On the two-year anniversary of the uprising in Bahrain, Americans for Democracy and Human Rights in Bahrain (ADHRB) implores the United States Government to put substantial pressure on the Government of Bahrain to take action to fulfill the democratic aspirations and human rights of the Bahraini people.
“The fact that the Government of Bahrain is still able to intimidate, censor, detain, and torture its citizens is deplorable,” said ADHRB Director Husain Abdulla. “For two years, the United States has remained virtually silent while Bahrainis have suffered at the hands of their government. In the face of excessive force, torture, and death, the United States must support a stable democratic transition by demanding that the Government of Bahrain release political prisoners, prosecute those guilty of human rights violations, and recognize the aspirations of its citizens.”
With a new dialogue underway, there is potential for progress in Bahrain. However, while prominent human rights activists remain in prison instead of at the dialogue table, and security forces continue their brutal crackdown on peaceful protests, there is much skepticism about the sincerity of the Bahrain government to follow through on its promise to reform. The United States must demand that the Government of Bahrain swiftly enact reforms and take confidence-building measures, such as releasing prisoners of conscience and allowing peaceful protests to occur, to build the trust needed to ensure that the dialogue has a chance to succeed.
In his State of the Union address, President Obama said that the United States will “stand with citizens as they demand their universal rights, and support stable transitions to democracy.” However, the Government of Bahrain’s brutal repression of peaceful protests has been met with muted criticism from the United States.

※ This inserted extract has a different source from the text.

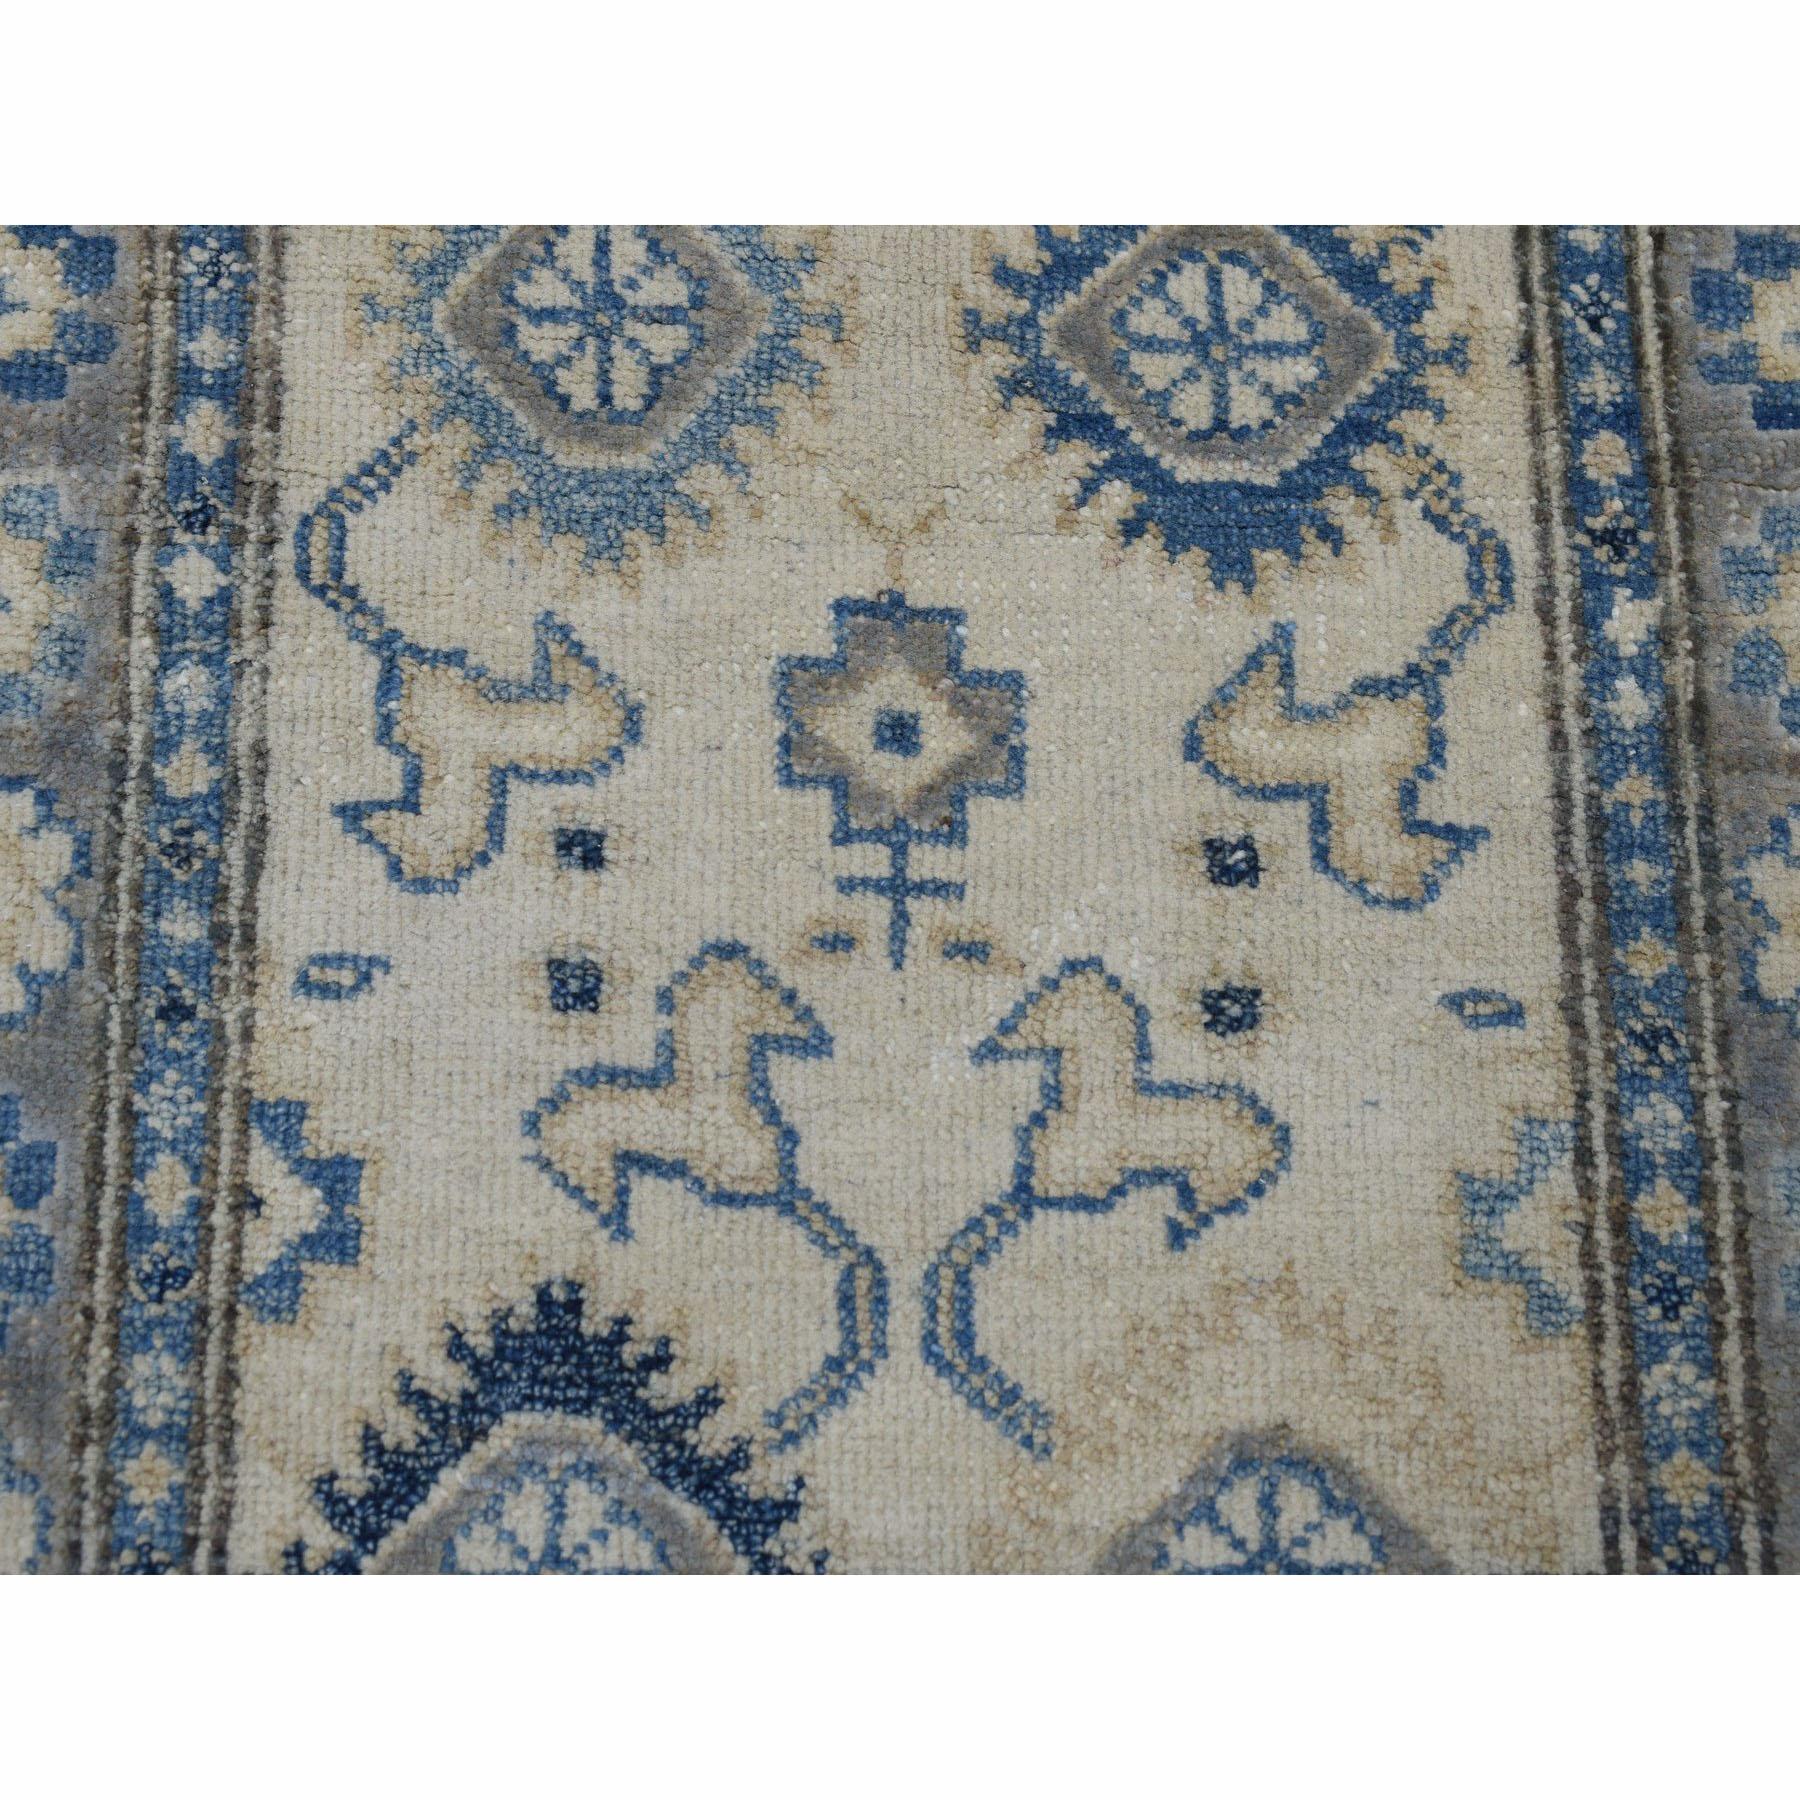 2-1 x3- Pure Wool Vintage Look Kazak Hand-Knotted Oriental Rug
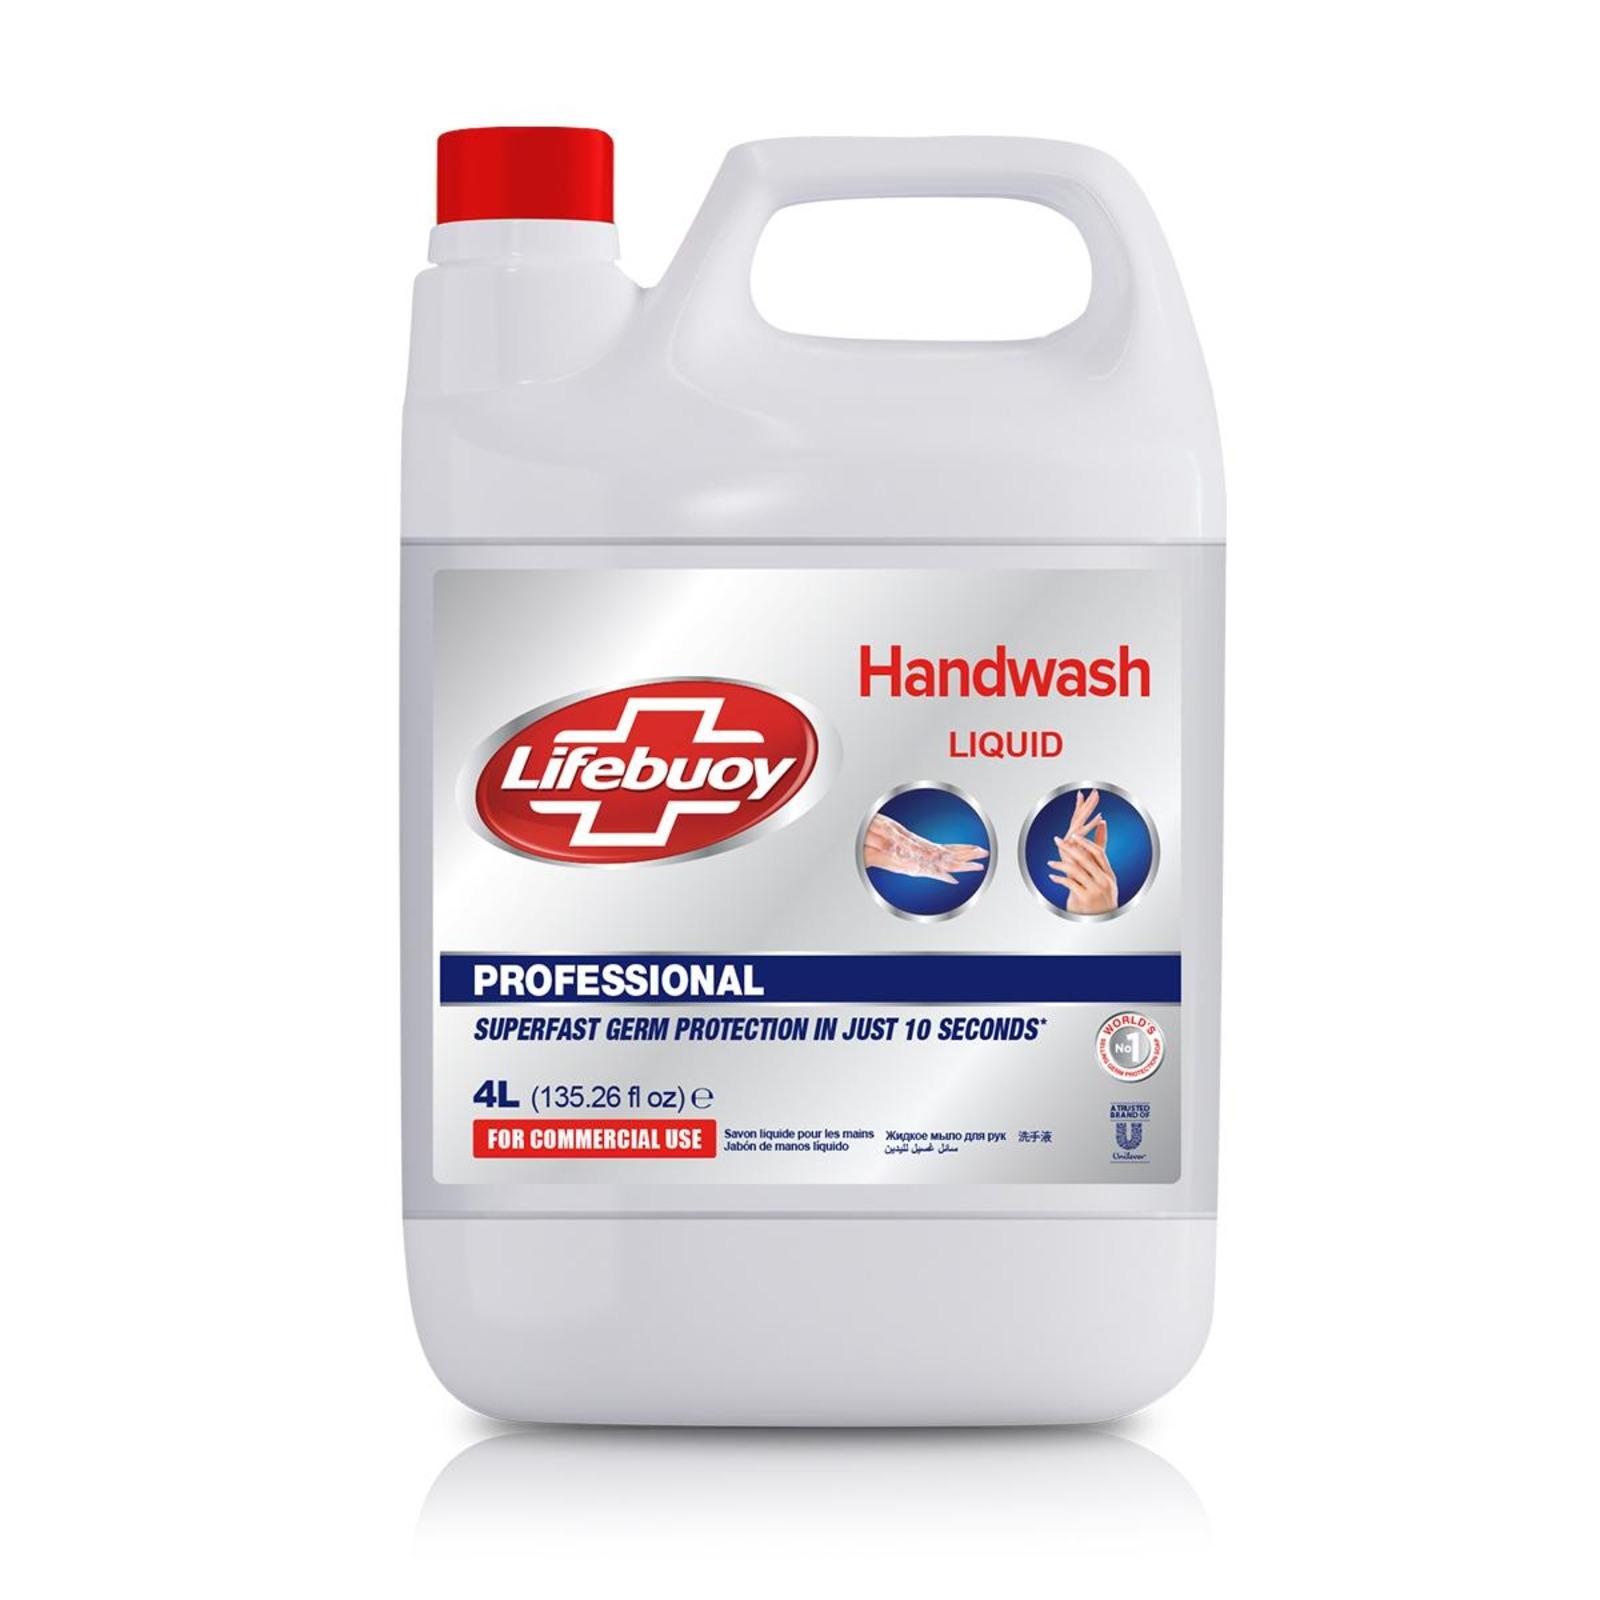 UNILEVER UL-LB-HANDWASH-4L LIFEBUOY PRO HAND WASH

Since the uprising began, over 120 people have died as a direct result of excessive use of force by police and security forces. The most recent death was that of 16-year-old Hussain al-Jazeri, who died early this morning after being shot by riot police.
In his confirmation hearing before the Senate Committee on Foreign Relations late last month, then-Senator Kerry promised that he would “not hesitate” to address human rights concerns with U.S. allies. In keeping with his word, Secretary Kerry must make it clear to the Government of Bahrain that continuing human rights violations will be met with consequences—and then they must follow through on it.
“President Obama and Secretary Kerry have both expressed concern with the situation in Bahrain,” Abdulla said. “Having witnessed two years of extensive documentation of human rights violations in Bahrain, we know that ‘quiet diplomacy’ does not work. The United States must pursue a more robust policy toward Bahrain to ensure that the three-year anniversary of the February uprising takes place in a free and peaceful Bahrain.”